I stupidly decided to update the BIOS on my homebrew dual boot (Windows 10 / Ubuntu 17.04) system.


  • mobo: ASUS Z170-P D3
  • RAM: 8GB
  • SSD: 250GB containing Windows and Ubuntu partitions
  • HDD: data only drive, NTFS
  • booting in legacy BIOS mode (I think)

All was OK before the BIOS update (which was a problematic process. I experienced a known looping issue with internet BIOS updates), but it completed successfully the first time.

Once I resolved the BIOS boot loop, the system booted straight into Windows, no GRUB stage. I checked the HDD boot order, the Windows Boot Manager partition was 1st on the list, so I changed it to the SSD drive that contains GRUB. Now, it boots to GRUB, but the option to select Windows has disappeared. The only option is Ubuntu, which boots correctly when selected.

I presume the BIOS update has somehow reset the BIOS settings, but I don't know what. Fast Boot is disabled, as it was before. Secure Boot was enabled after the BIOS update, where I don't think wasn't before, but I've changed to disabled and I still don't see a Windows option at GRUB. I've tried grub-update to no effect, and I'm now at a loss as to how to restore Windows to GRUB.

Boot Info output

I've tried changing a few settings in BIOS, but nothing seems to bring Windows back, though I admit my understanding is flaky. If I change BIOS CSM to UEFI mode, Windows boots directly (no GRUB / Ubuntu).

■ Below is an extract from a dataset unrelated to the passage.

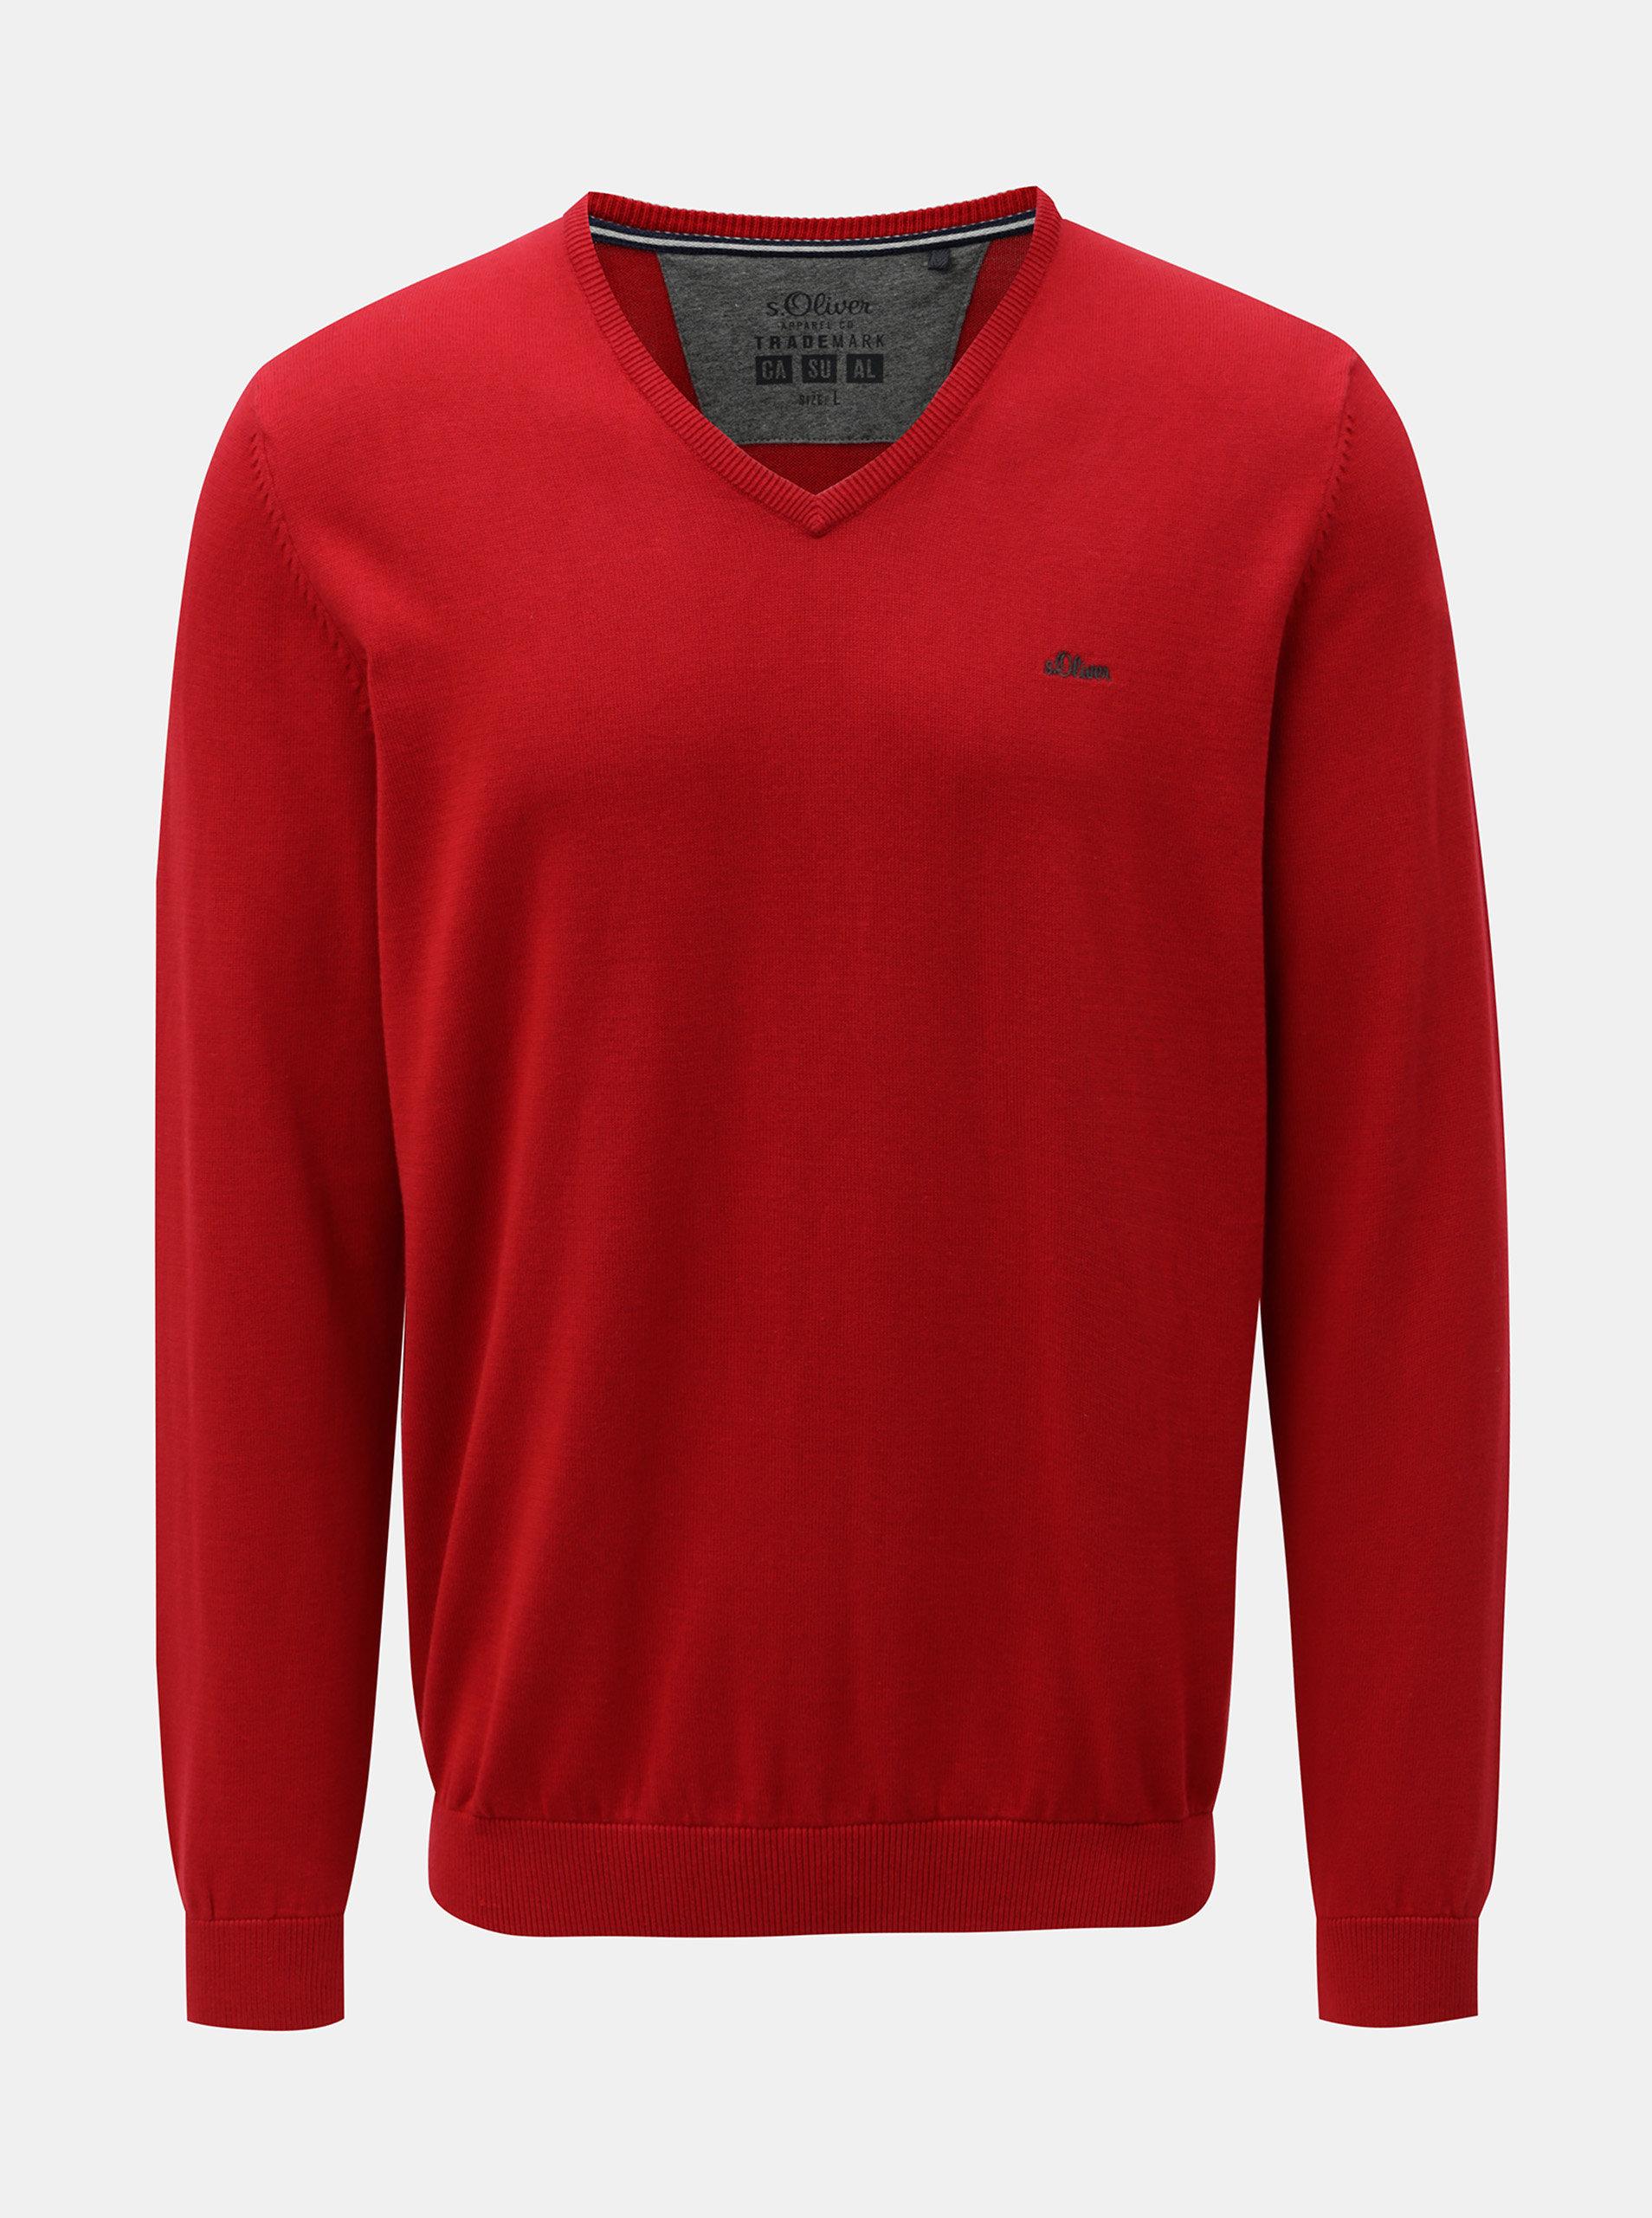 Červený pánský lehký svetr s véčkovým výstřihem s.Oliver

I guess I installed Ubuntu in BIOS mode, but I've no idea how to either change things so it boots in UEFI mode, or change the BIOS settings so that GRUB sees Windows again.

1 Answer 1


If you read the output (it is long) at the bottom is suggests repairs and tells you the problem

I bolded the relevant information.

=================== Suggested repair

The default repair of the Boot-Repair utility would purge (in order to fix packages sign-grub fix customized files) and reinstall the grub-efi-amd64-signed of sda5, using the following options: sda2/boot/efi, Additional repair would be performed: unhide-bootmenu-10s fix-windows-boot use-standard-efi-file

=================== Blockers in case of suggested repair

The current session is in Legacy mode. Please reboot the computer, and use this software in an EFI session. This will enable this feature. For example, use a live-USB of Boot-Repair-Disk-64bit (www.sourceforge.net/p/boot-repair-cd), after making sure your BIOS is set up to boot USB in EFI mode.

So boot to BIOS, enable EFI, and run boot-repair again.

I hope Ubuntu is installed with UEFI enabled ;)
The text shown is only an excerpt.